Economists often assume decision makers are hyper-rational agents with few limits to their cognitive capabilities. Sometimes labeled "Homo Economicus", these decision makers learn quickly, perform complex math, have endless information processing capacity, and are exceptionally rational (Thaler 2000). While these assumptions make it easier to model decision making behavior, they are demonstrably false. Decision makers calculate probabilities inaccurately (Allais 1953), dislike ambiguity (Ellsberg 1961), change behavior to avoid negative emotion (Luce, Bettman and Payne 2001), and are affected by the mere presence of alternatives that should be irrelevant to their decision (Huber, Payne and Puto 1982).
These violations have led to the development of other models that are better at predicting what consumers actually do. Rank dependent utility theory (Quiggin 1981) took into account imperfect probabilistic calculations. A more recent version of this theory (Schmeidler 1989) extended the model to ambiguous decisions. Prospect theory's weighting function (Kahneman and Tversky 1979) also addressed people's imperfect probabilistic calculations while the theory's editing function accounted for some of the simplification strategies that decision makers use to overcome their cognitive limitations.
Still, while better at describing certain behaviors, all of these theories share a common limitation. Like the model of Homo Economicus, these theories model behavior "as-if" humans were performing the functions prescribed by the theory. Rank dependent utility theory predicts probabilistic behavior "as-if" people rank ordered probabilities. Prospect theory's weighting function predicts probabilistic behavior "as-if" people overestimate small probabilities and underestimate large probabilities. Prospect theory's editing function describes some editing processes "as-if" people perform them to simplify decisions, but it does not describe how they actually come to choose a specific editing function (Thaler 2000). Ultimately, all of these theories generate a single equation that predicts consumer choice "as-if" consumers calculated these values and chose the option with maximal value. These models so far have either focused on what consumers should do or have focused on predicting what consumers actually do. Decision making models frequently do not attempt to describe the cognitive processes that are actually used to make a decision.
The research described in this dissertation investigates this rarely studied area in human decision making. The research does not focus on what people do. Instead, it focuses on the decision making process itself. Recent advancements in brain imaging techniques such as electroencephalography (EEG), magnetoencephalography (MEG), functional magnetic resonance imaging (fMRI), and positron emission tomography (PET) have allowed decision making researchers to examine cognitive processes that were previously thought impossible to observe. This research uses behavior and fMRI to study the decision making process as it actually occurs in human decision makers.

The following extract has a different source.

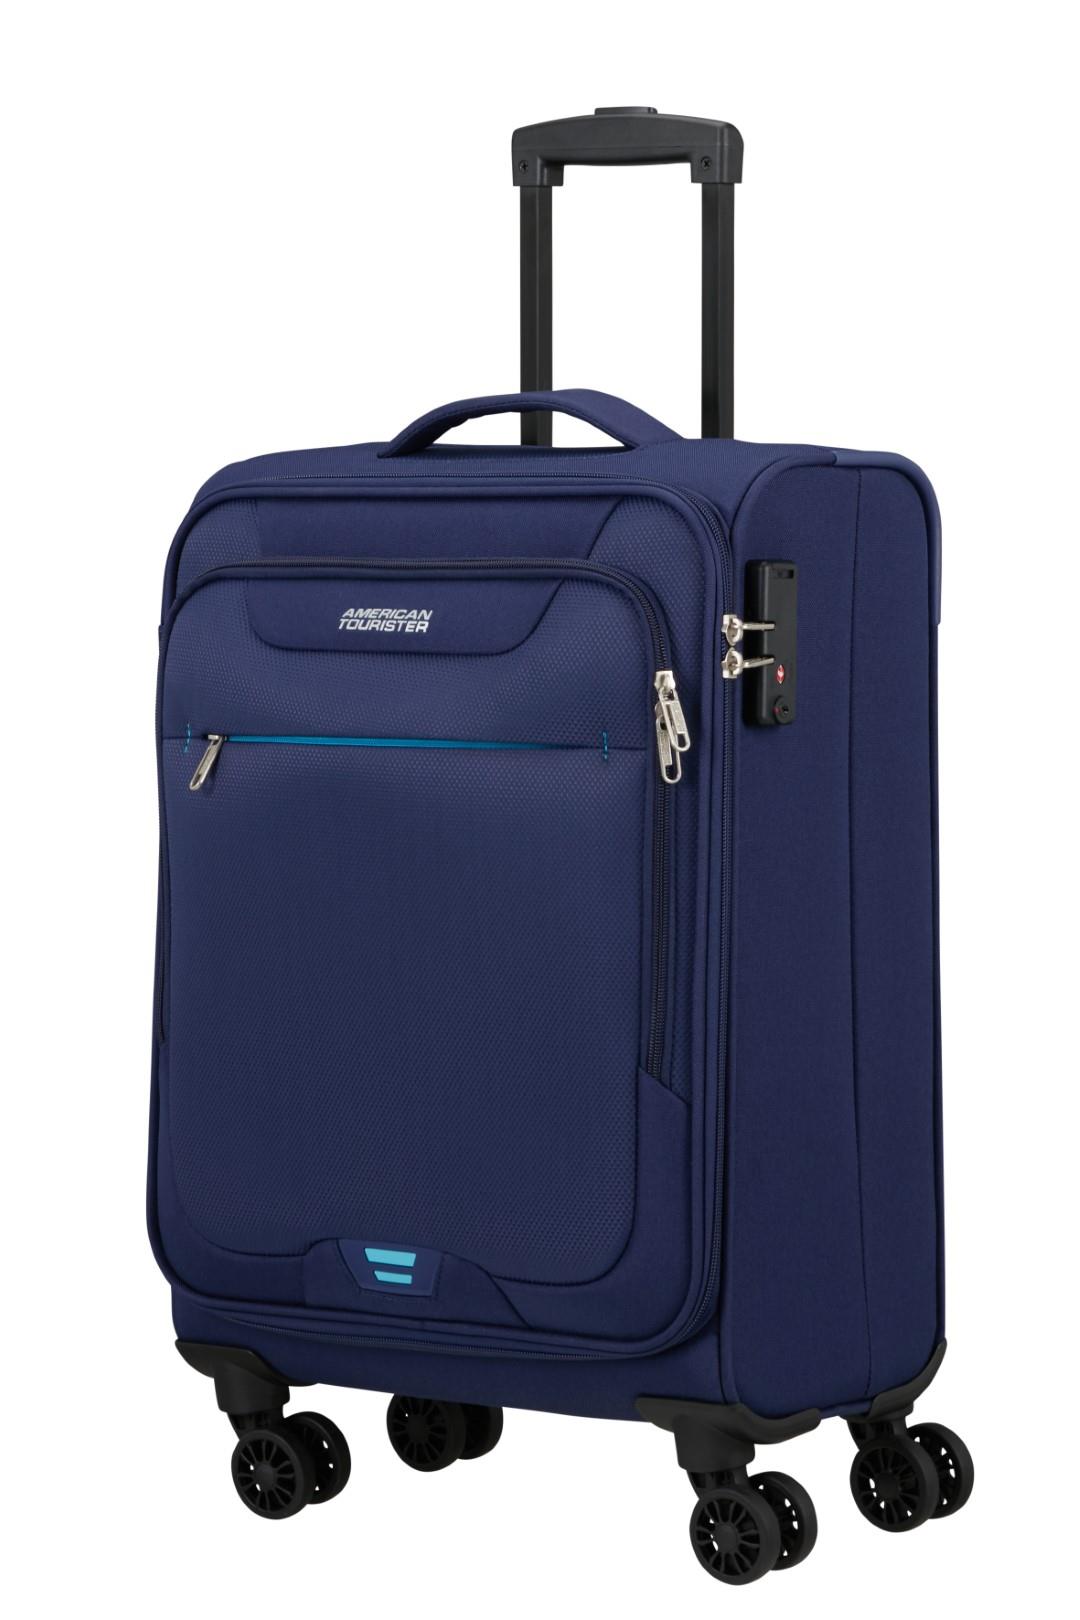 American Tourister Trolley Street Roll 55cm navy

The dissertation adopts a theoretical framework developed in economics (Camerer et al. 2005) and psychology (Liberman 2007) to understand neuroscientific studies of behavior. The framework is a 2x2 combination of dual process theories that draws a distinction between cognitive processes that are either automatic or controlled and that are either internally (related to internal body states) or externally (related to sensory states) focused. Research hypotheses are developed and tested based on this framework.
This dissertation contributes to the study of decision making in three ways. Theoretically, it tests an alternative model of decision making that emphasizes the cognitive process underlying decision making. Methodologically, the research demonstrates the usefulness of neuroscientific techniques as a complement to more traditional methods used in marketing research. Practically, the research contributes to a better understanding of decision making processes which could ultimately benefit society by helping consumers overcome decision biases that lead to societal problems such as drug use, obesity, and race bias.